12:00 – Danny Burns, Chef Patron, Lodge Catering (@danny8801)
Char Siu Pork Burger
A London-based chef known for refined yet approachable menus rooted in quality produce and modern British influences.
“The Lee Kum Kee Char Siu Sauce elevates the pork burger with bold flavour and a perfect balance of sweet and savoury.”
13:00 – Exose Grant, Head Chef, Australasia Manchester & MasterChef: The Professionals Finalist (@chef_exose)
Emperor’s Sweet & Sour Creation
A celebrated chef recognised for bold flavours and refined technique, blending global influences with classical foundations.
“Lee Kum Kee Plum Sauce brings a beautiful sweetness and flavour balance to the dish.”
14:00 – Timothy Dela Cruz, Head Chef, Smiths of Smithfield (@tim.dela.cruz)
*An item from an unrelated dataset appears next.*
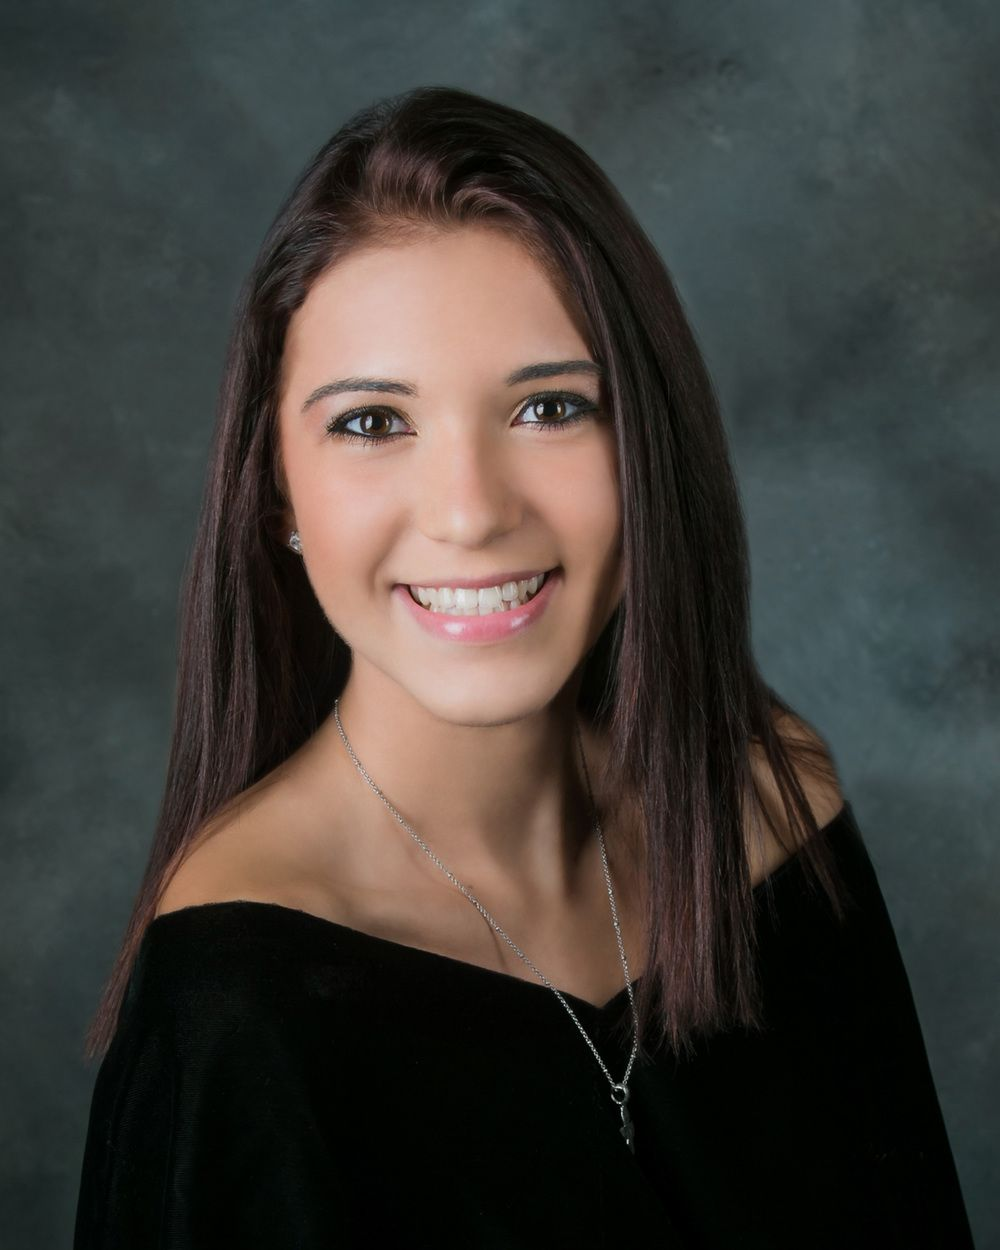 Yearbook Portrait Lighting

Stir-Fried Aussie Rump of Lamb with Broccoli and Egg Noodles
With experience across leading London kitchens and internationally, Timothy brings a globally influenced approach to modern cooking.
“Lee Kum Kee sauces deepen umami, balance chilli heat, enrich the lamb and bring a glossy, savoury finish to the dish.”
Across the three days, the programme offers visitors a clear, chef-led view of how to build flavour, innovate menus and apply Asian ingredients across a wide range of hospitality settings.